Invictus was arrested Dec. 29 in Brevard County.
Invictus, 36, gave the Brevard Sheriff’s Office a home address in Ocala. He moved to South Carolina sometime after 2016 after being accused of sexual battery and domestic battery in Orange County.
In 2016 he sought the Libertarian Party nomination to run for the U.S. Senate against Republican U.S. Sen. Marco Rubio. He was defeated in the party’s primary by Paul Stanton of Deland.
Invictus then emerged as a leader of the infamous 2017 “Unite the Right” rally of white nationalists, white separatists, neo-Nazis, and other radical elements in Charlottesville, Va. Invictus was credited with drafting the core tenants behind the rally.
His U.S. Senate campaign and his public life before and since have been marked by unusual behavior and statements. They have included his declaration that he drank goat’s blood in a cleansing ceremony; took LSD and recorded his experiences in journals posted online; his online audio journal of rambling diatribes on issues ranging from eugenics to a new civil war; claims that he was being harassed and even assaulted by Antifa, the FBI, and others; and previous allegations against him alleging sexual battery, domestic violence, threats to others, and violence.

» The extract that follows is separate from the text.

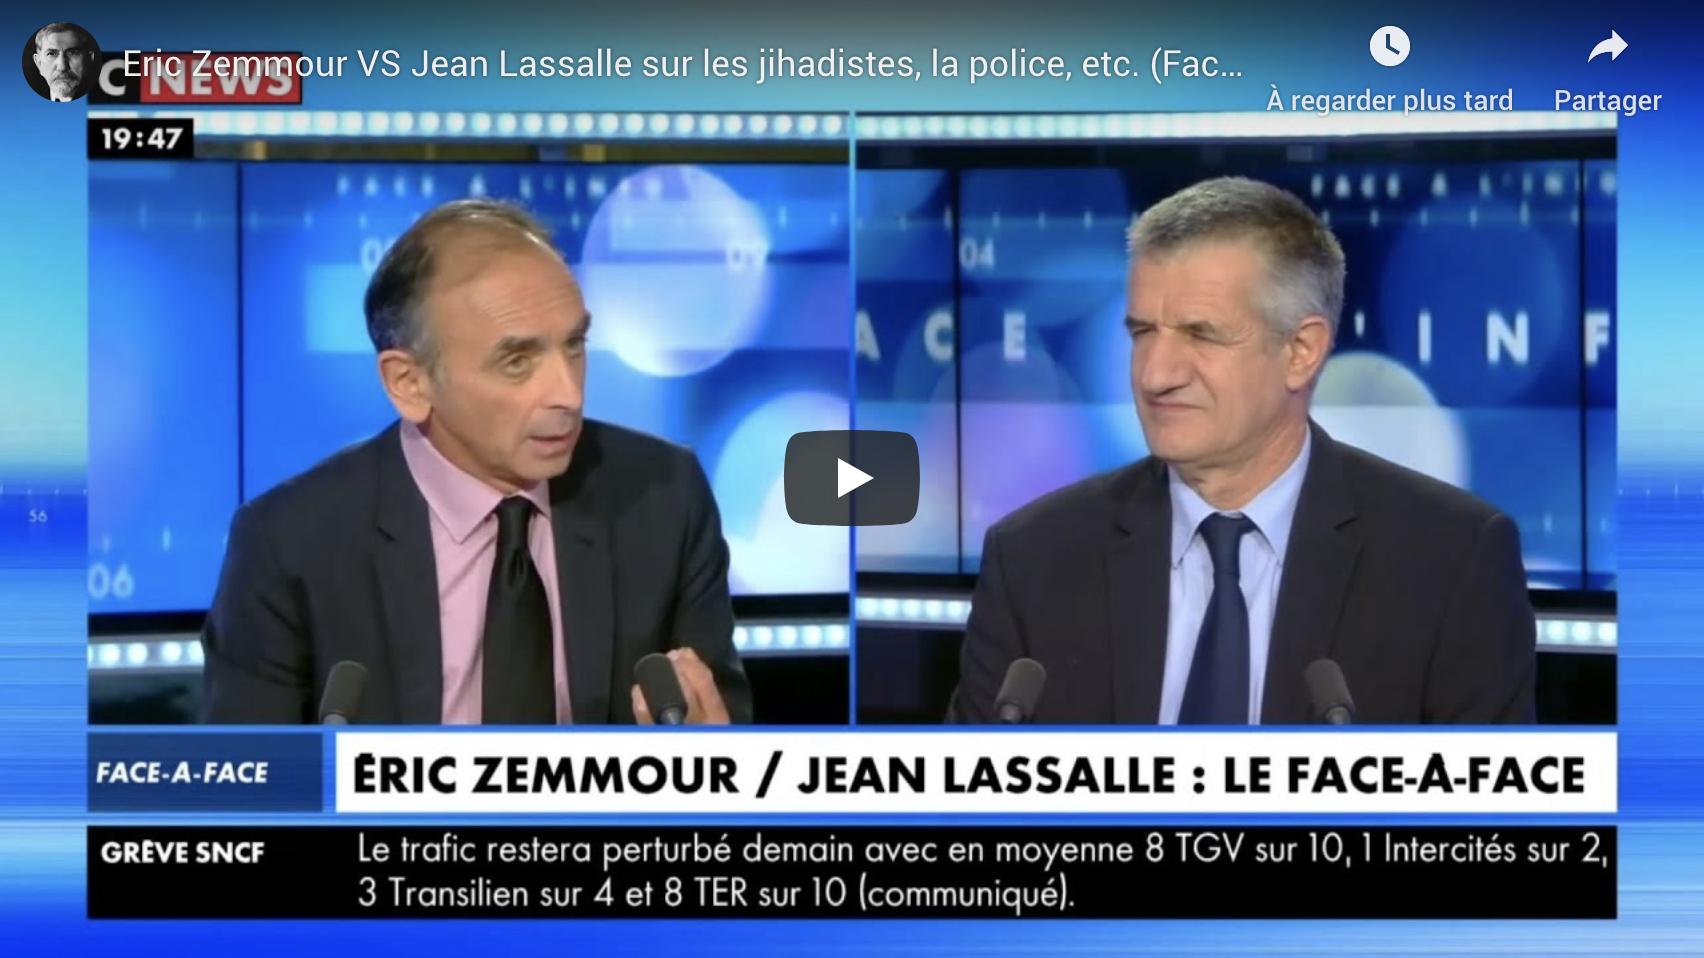 Djihadisme, police, etc. : Éric Zemmour VS Jean Lassalle (DÉBAT)
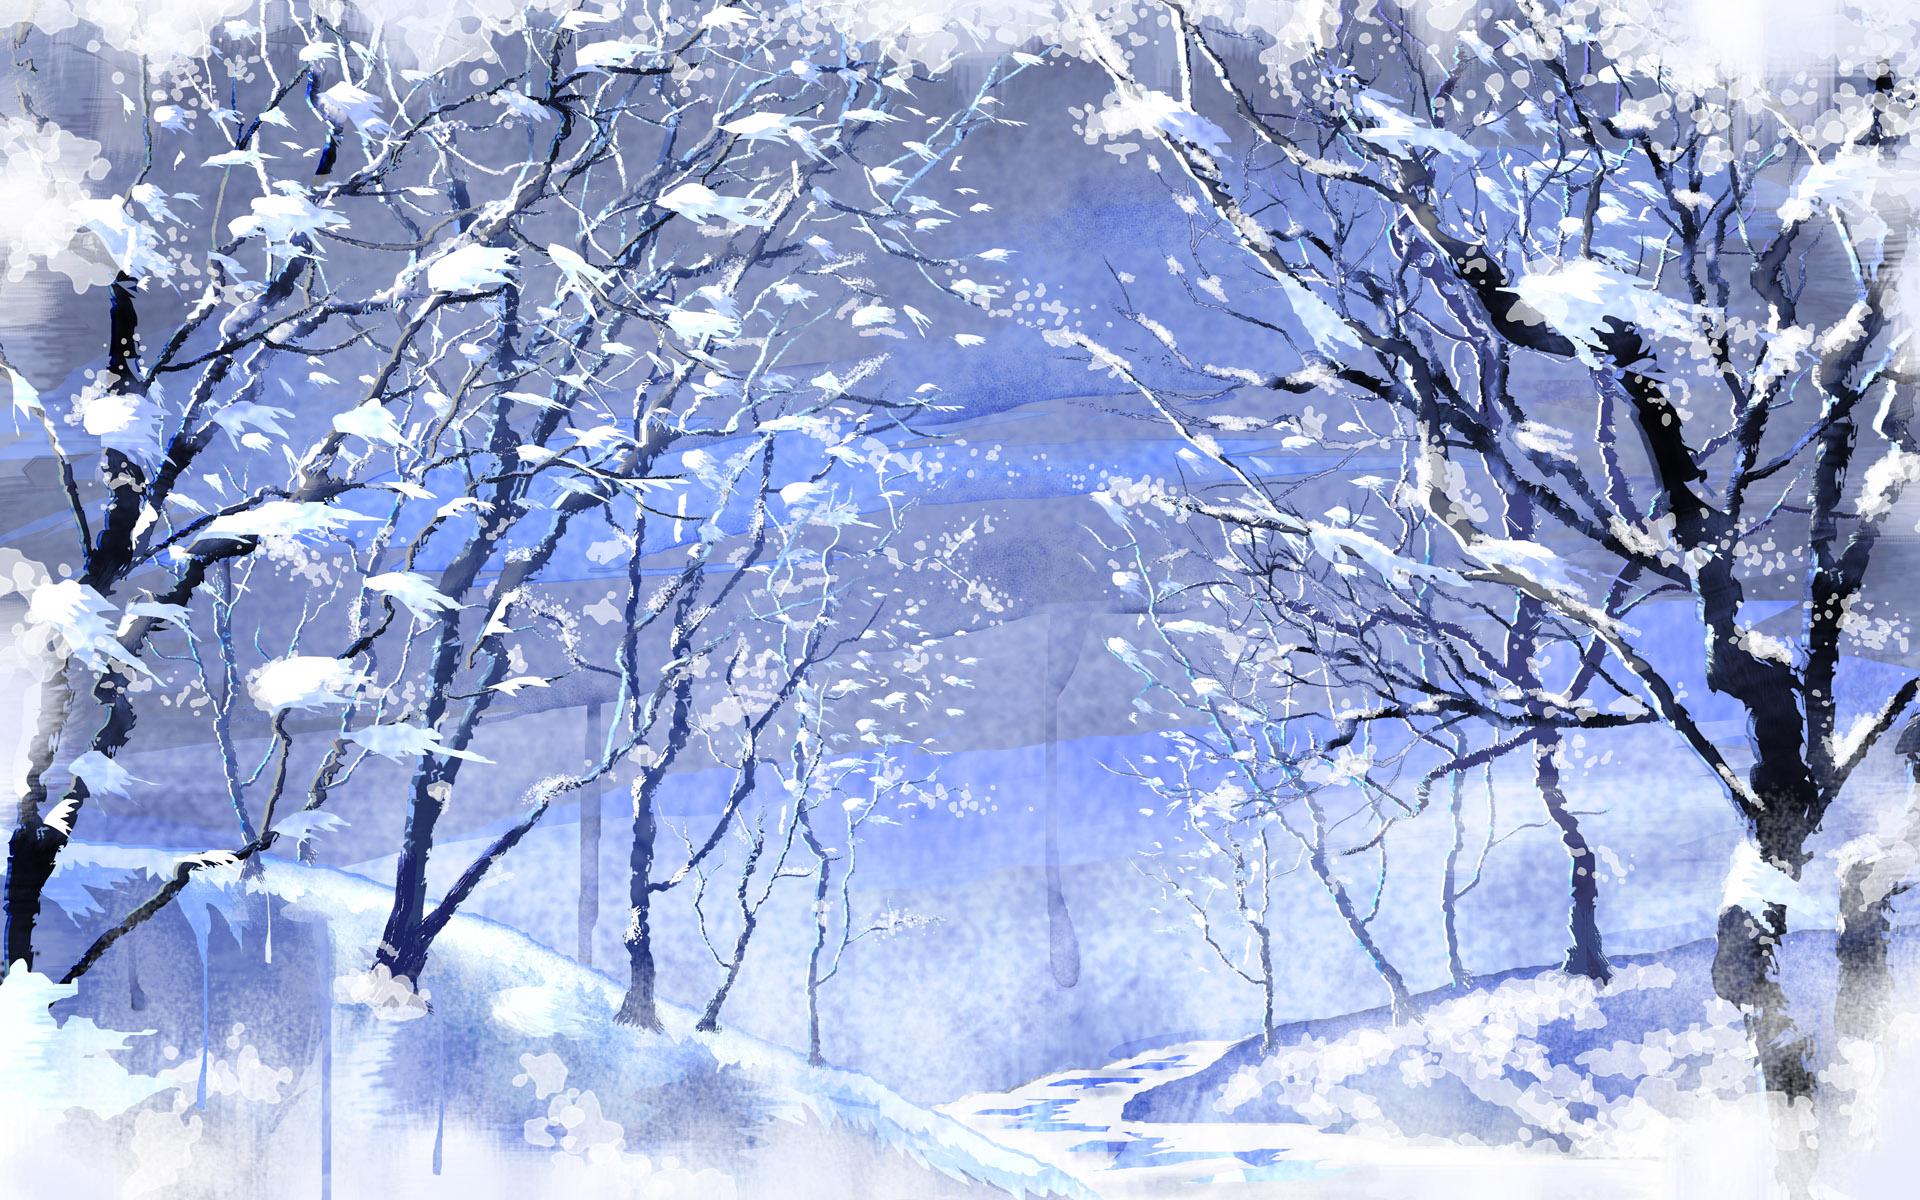 /free-winter-scene-wallpaper-download-the-free-winter-scene-wallpaper ...

Beginning in 2016, Invictus and the Libertarian Party of Florida were involved in a hostile and public war of words, charges and threats. Some party officials tried to sanction or even oust him. The battle ended with his quitting the party in 2017. He then became a Republican.
4 comments
Thomas Knapp
January 9, 2020 at 8:58 am
“Former Florida Libertarian U.S. Senate candidate”
Please stop lying.
The Libertarian US Senate candidate in the year Invictus sought but failed to become a Libertarian US Senate candidate was Paul Stanton.
Robert the Libertarian
January 9, 2020 at 10:32 am
Libertarians tend to frown on the far-left craze for domestic dispute criminal prosecutions and the charge inflation and political agendas involved: these matters should be handled by counseling and social or church workers. I certainly hope his family can address their troubles peacefully.
For future reference the term large-L Libertarian is reserved to people who advocate the Libertarian pledge of ‘non-coercion and study’ of the Libertarian International Organization and very specific policies and are on its D-base. This has been going on for decades and is not exactly hard for journalists to know. The term is extended by LIO as a courtesy to active Libertarian Party members here and abroad who take a beginner’s pledge of advocacy form called the NAP. The designation lapses if inactive. Formal small-l libertarians are appliers and must also be on the LIO D-base. Informal libertarian fans or voters who use some libertarian-liberal ideas are called just that by the LIO and libertarian fans: fans, or voters.
Mr. Invictus may qualify as an informal small-l libertarian fan or liberal user, or voter, but that’s about it. He makes no such claim, or even of being a Florida Libertarian Party (LPF) candidate, and apparently was never an actual member, and denied he has anything to do with LIO. Current Florida election laws opposed by the LPF allow anyone to troll as a ‘candidate’ without party approval, but the LPF has a procedure to vet candidates which was never used in his case. Florida SOE makes clear such candidacies are for nomination only, so it would be correct to say he was a candidate for LPF nomination if somewhat misleading.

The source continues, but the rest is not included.